Classifies a MongoDB dump’s collections into the three dependency groups the inter-collection fork schedule needs, plus the derived adjacency that schedule consumes. See docs/mongodb-dump-parallelism-2x-notes.md for the why; this class is the static, config-derived half of that plan.

It is a pure function of the loaded configs and the dump target — no DB access — so it can be computed once up front and unit-tested without a live MongoDB. The fork orchestration (worker pools, LPT bin-packing on output-size weights, @state Marshal sidecars, the Phase-2 cascade loop) lives elsewhere and consumes the structures produced here.

Input contract: ‘configs` are MongodbCollectionConfig already passed through `#reject_ignored_members!` (exactly as Runner#load_table_config produces them), so every surviving belongs_to has a non-nil `table_name`. ignore:true collections are still present in `configs` — they contribute to the schema and to the file-index ordering, but their data extraction is skipped — and are therefore excluded from the three processing groups.

The three groups partition the extractable collections exactly:

  • genuine — reachable to the dump target by following belongs_to edges

    (the scoped DAG).
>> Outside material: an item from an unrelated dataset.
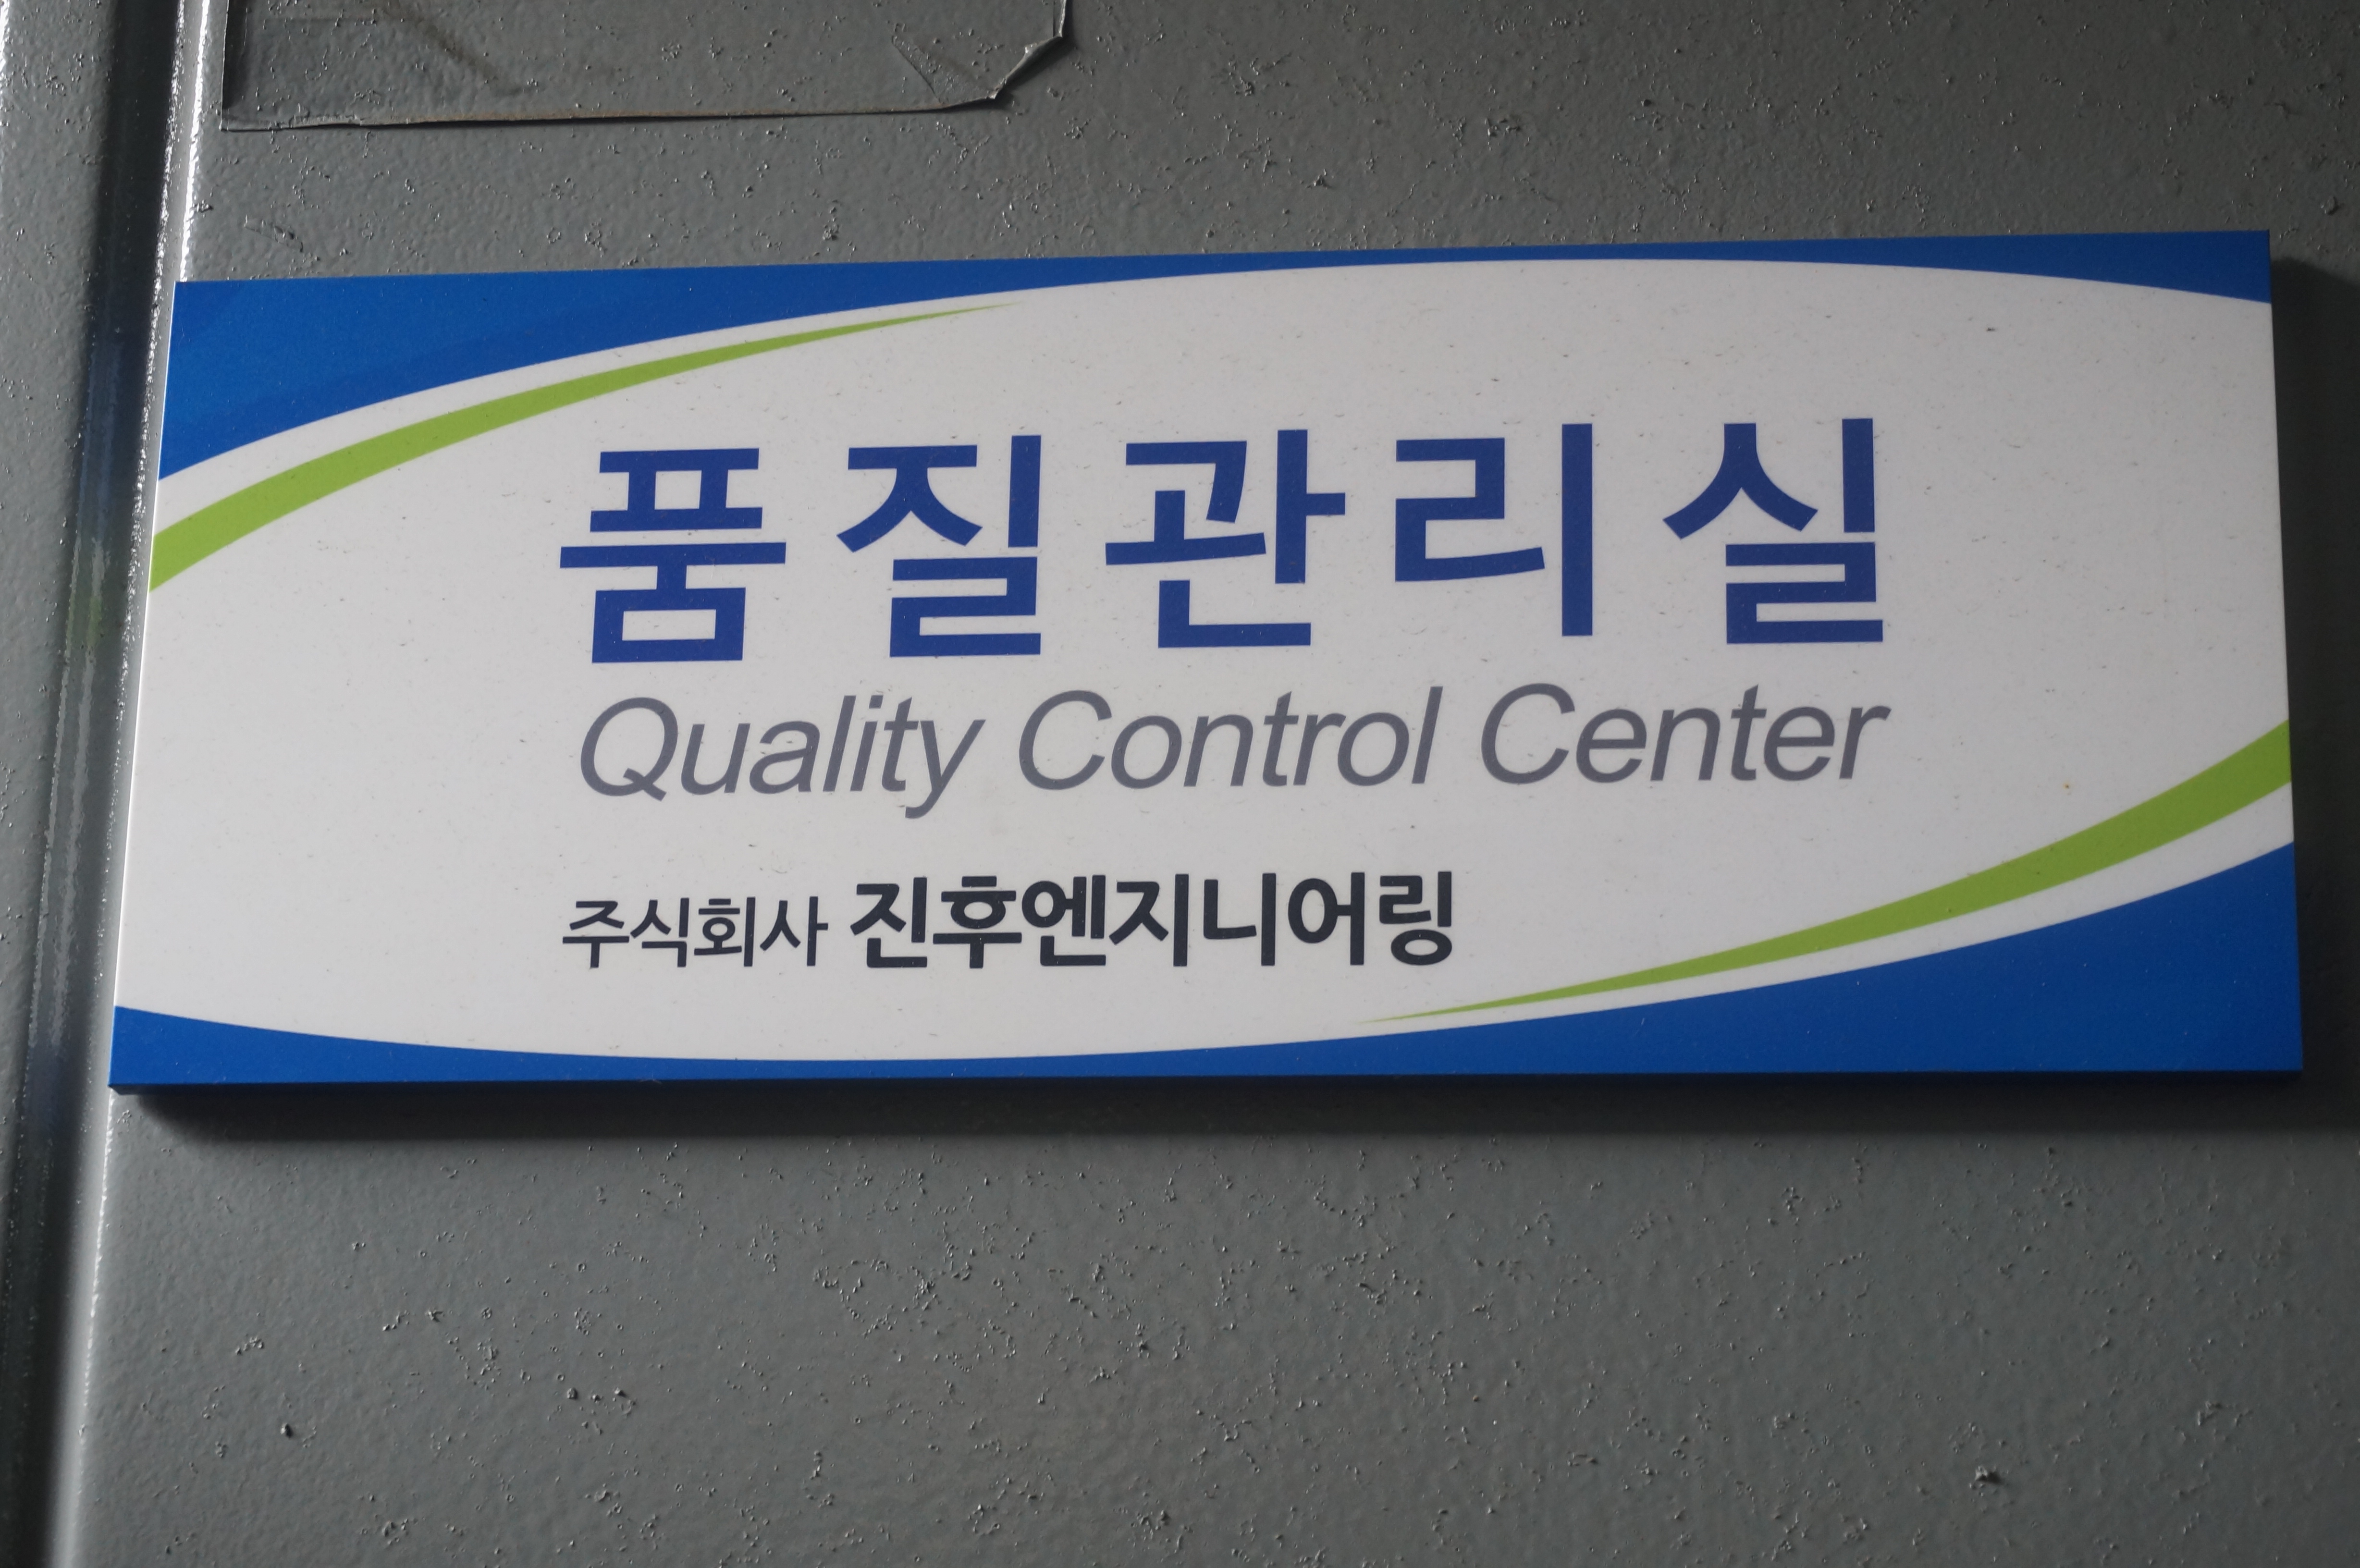 Quality Control Center

Includes the target itself.
    
  • leaf — no belongs_to at all: reference/master data dumped in full,

    with no input dependencies (embarrassingly parallel).
    
  • ref_bt — has belongs_to but is NOT reachable to the target: reference

    data scoped by the adapter's strict-AND fallback. Its
    internal edges form shallow components.
    

‘reachable` mirrors MongodbAdapter#genuine_scope_set exactly (fixpoint over all non-embedded configs, including ignore:true ones), so the genuine set here matches the adapter’s runtime scoping classification.

Instance Attribute Summary collapse

Instance Method Summary collapse

Constructor Details

#initialize(configs:, target_table_name:, logger: nil) ⇒ MongodbParallelPlan

Returns a new instance of MongodbParallelPlan.

Parameters:

  • configs (Array<MongodbCollectionConfig>)

    reject_ignored_members!‘d

  • target_table_name (String)

    the dump target collection

  • logger (Logger, nil) (defaults to: nil)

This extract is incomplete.